女子の壁など、あきらかな邪魔でしかない。
視線を向けられたかもわからないが――、
有名人になると思ってた。
その中途半端な結果が本当に恨めしい……。
ただ――、もうここを抜けたら、なにも問題はなくなるはずだ……。
とりあえず、電車までひたすら歩く……。
――彼女である結衣菜との交際をどうするか…?
合格率は32%。文武両道。
俺の学力じゃ問題視される理由もなかったから、学校側にもメリットがあるため
プロを目指すのを理由に。
学校をサボることが了承されていたが……。
「結局はこのザマだ…。」
高瀬龍という――。この学校から転校した、最大のライバルへの「対抗心」となかなかでない「結果」に焦らされながら
ひたすらプロへの道を走る俺は安全な道を走っていたわけだが・・・。
『天才』渡邉結衣奈の風上にも置けないな――。
2年間の在籍すら嫌で、推薦の誘いを断ったのは
素直にヤバいし。
これで――、龍がやった『俺との決着』のつけ方
が冗談で済まされなくなった……。
これから、高校を卒業するまでの11年間を費やした『夢』『エネルギー』『栄光』だったサッカーが死なないよう。
「プロ」への道が死なないよう、全力で延命治療に当たらなきゃいけない……。
でなきゃ…。結衣菜の好きな俺じゃなくなる…。
「サッカー」と「最愛の彼女」によって。
せっかく碌な家族の支えなしでも、ここまでやってこれたわけだが……。
絶対どうにかしなくちゃいけない……。
できないなら……、さすがにそれまでだから。
▽
「和也!!今回はサッカーの試合観たら?ブラジル戦だし、連絡とってたのに喜ぶと思うよ?」
声の印象は明るく、今は誰も並んで居ないカウンターの側で話しかけてきたのは……、
今の彼女である・・・『香椎比奈』。
確かに――、最近。俺は前の彼女の結衣菜の誘いもあって、それなりの金を借りようした身…。
ただ……。
「いや……、結衣菜のこととか。正直あんまり思い出したくないんだけど?」
今じゃ、アルバイトでネットカフェの店員として3年目の俺がサッカーに戻ろうものなら金がいる。
入学金と生活費…、ざっと見積もっても300万くらいは貸せれたらな――。
「比奈には多少の我儘になるが、」サッカーへの未練からオファーにのる条件をだしたが・・・。

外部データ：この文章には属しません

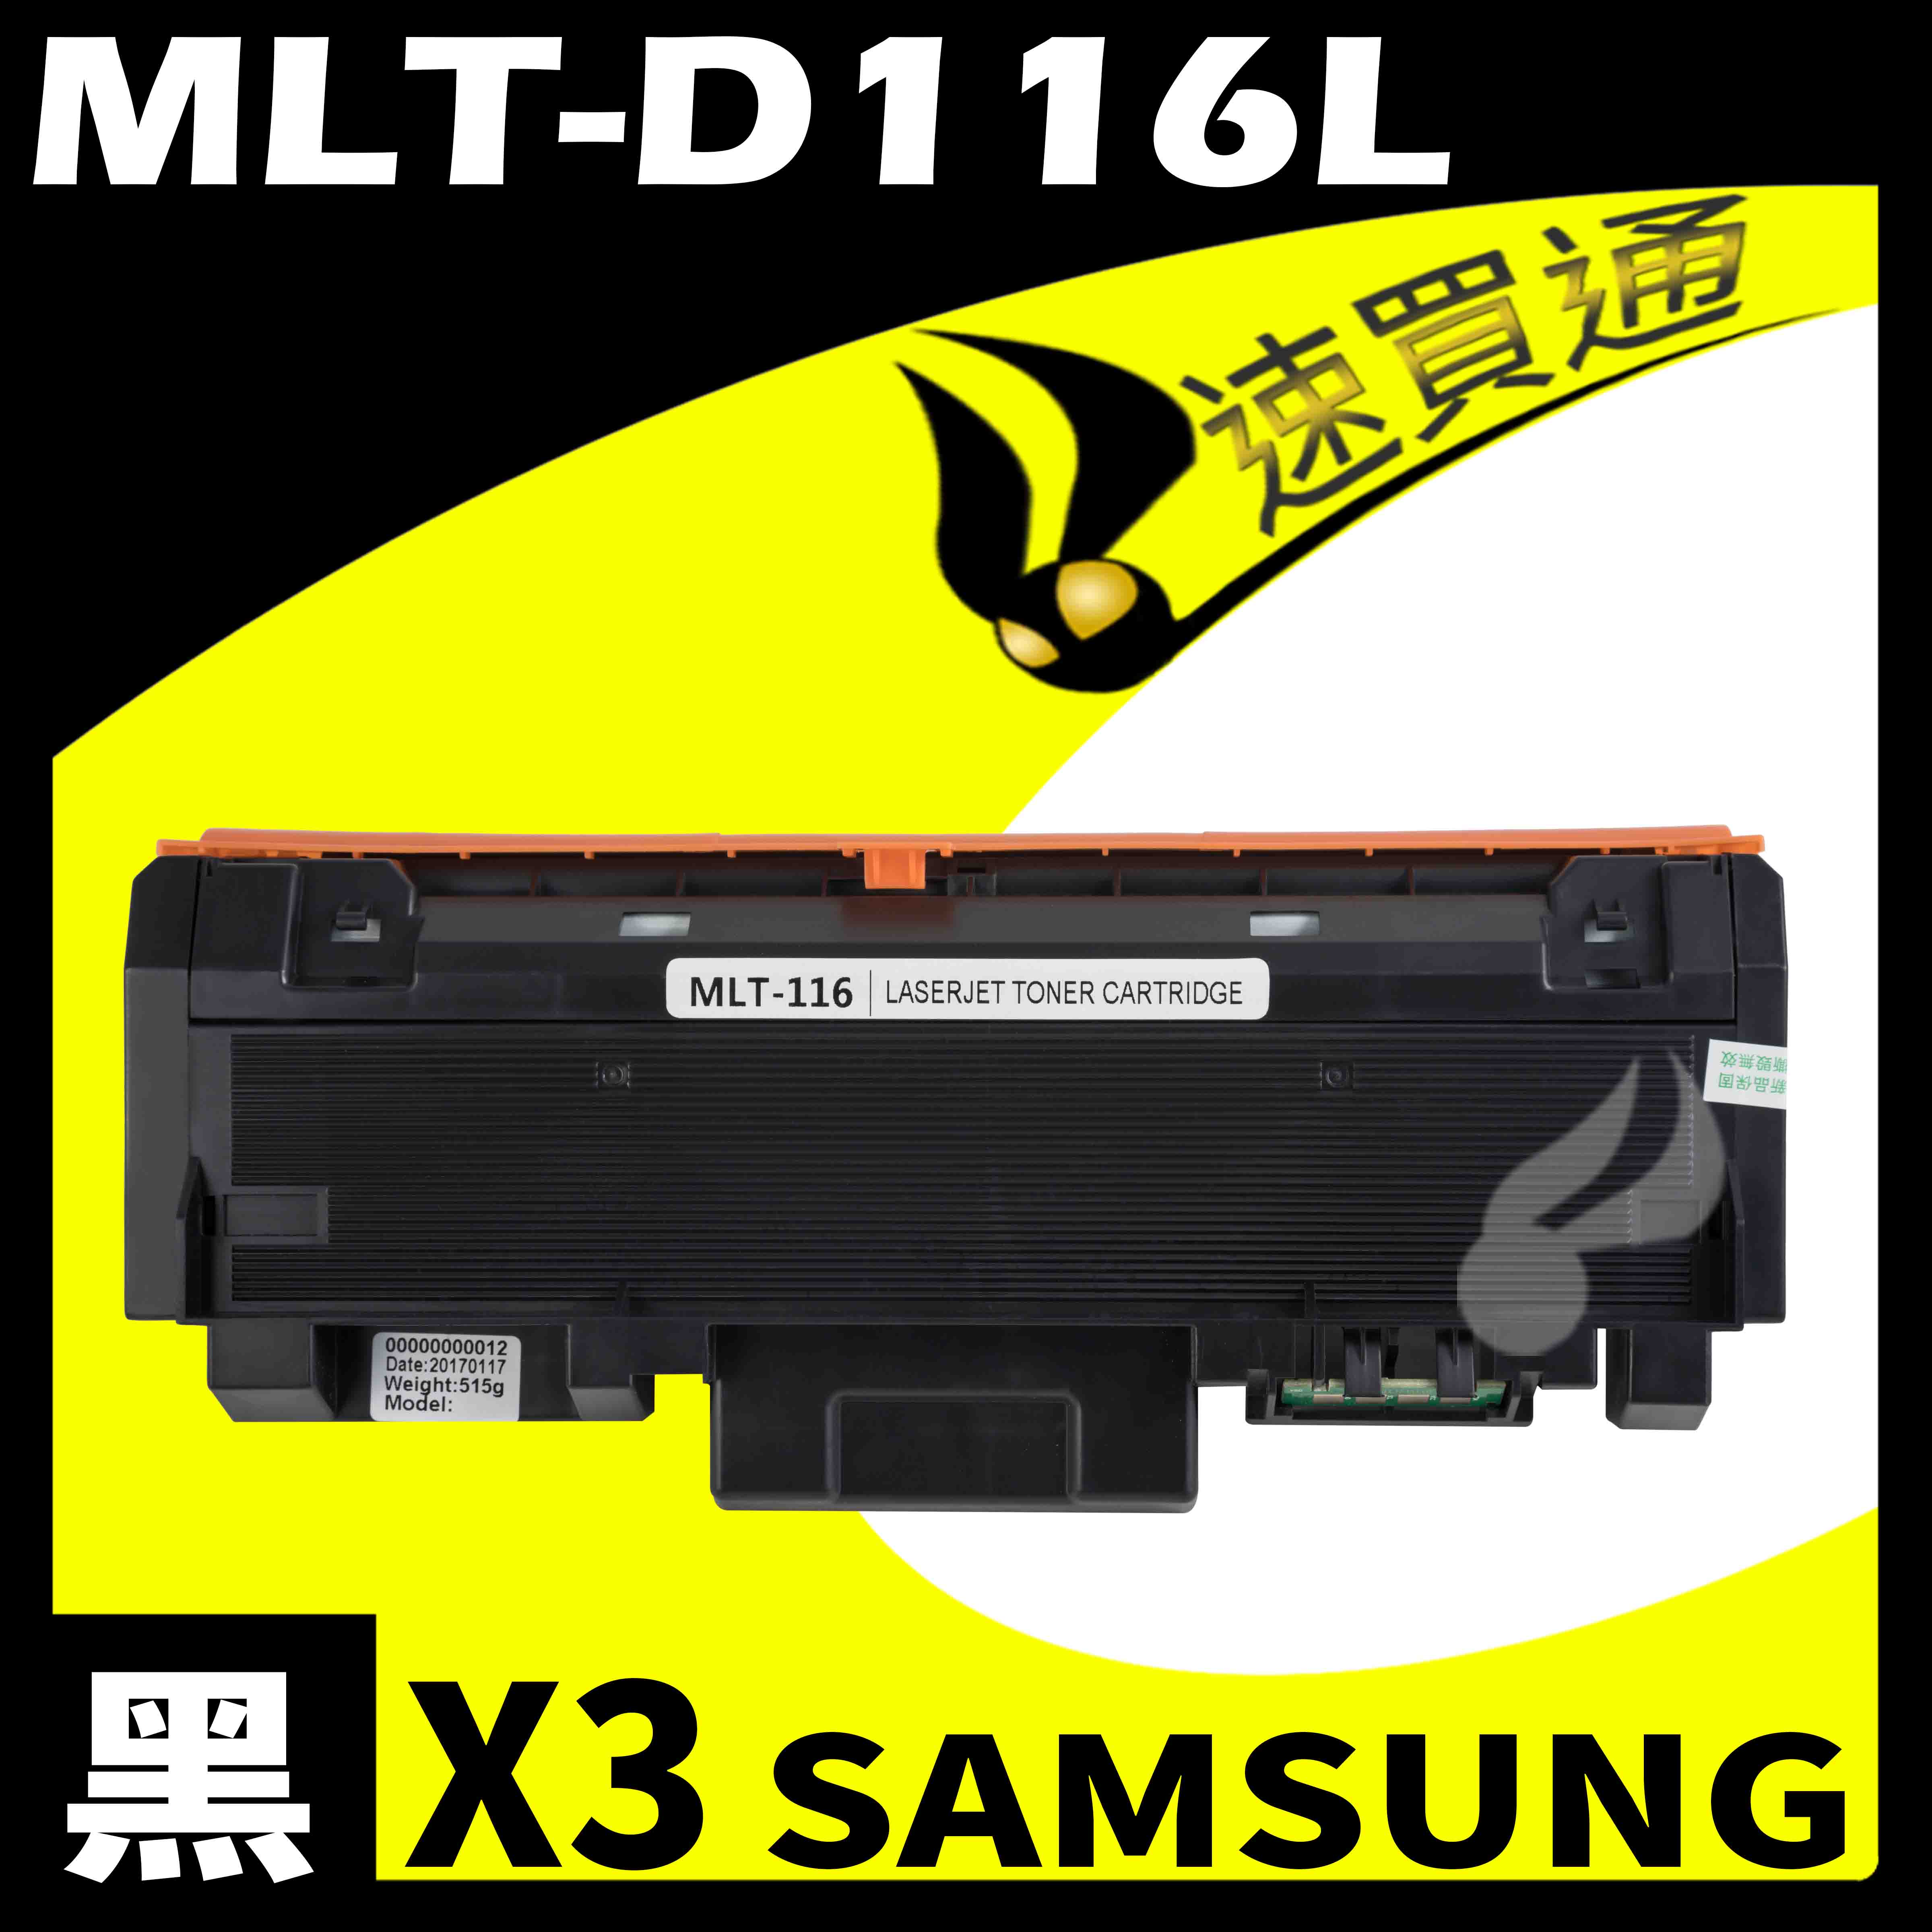 【速買通】超值3件組 SAMSUNG MLT-D116L 相容碳粉匣

「ごめん……。代表の監督にキツく反対されてしまって出来なくなった――。」
そっちから誘ったじゃん…!とはなったが
文句を言えなかったのは、俺の家の両親の
特に義父が猛反対だったからだ…。
結衣菜は年棒で1000万も稼ぐようになったし、俺の実力なら。もっと借りても返せる自信しかお互いなかったはずだが――。
……2週間前までずっとフリーで待ってたって話
やらなければよかったな…。
母親が聞きそうで、知ってそうな解答を先に
素直に伝えておいただけだが。
あんなに泣きそうに謝るくらいだったから、
ヨリが戻る確率がゼロじゃなかったのは、――本当の話だったし、特に何も言わなかったが。
スタスタ……。
同じカウンターに2人も要らないため、
漫画の整理をやりに、
俺のほうが移動するのがお客様のための無駄なルールだが、
俺も――、新聞記事に名を連ねる。
元親友たちの活躍に興味が沸く自分がいるのは事実
であるが故に思い悩む――。
「許さなきゃなんねぇのかな……。」
漫画が沢山並べられている。黒いカゴへと近づいては――、本の束を手にとって並べ始める……。
龍の日本代表での試合には、
正直興味が沸くが――、
高校当時の事故を未だ許せていないから、観るのが癪だし、サッカーがまたやりたいと思う感情はしばらく無しにしたいという本音もある……。
(これは、こっちか……。)
比奈の年齢が22歳だし…、そろそろ結婚しようと考えていた手前だ……。
捨てた人間関係の修復をはかるべきかは考えてはいたが……、
「アー○ナルか……。」
かつてのライバルが、今現在プレミアリーグで2位を走るチームの主軸である。
どうしよっかな……ぁぁ。
次戦がブラジル戦なのも強敵だし。仲良しだった
あの頃の思い出もあるしで、気になる……。
一生の友であり、終生のライバル。高校のときには一連托生にまでなったと思った男が、
今じゃ、アジアNO.1を競うスーパーストライカーである。
……本棚の間にある黒いカゴから、漫画の束を再び抜きとり、隣の棚まで移動する・・・。
国際試合だし、アピールも兼ねて。間違いなく大事な試合になるはずだと思うんだよな…。
と――、そうこう迷うが……。
『どうせ――、、2日後だもんな……。』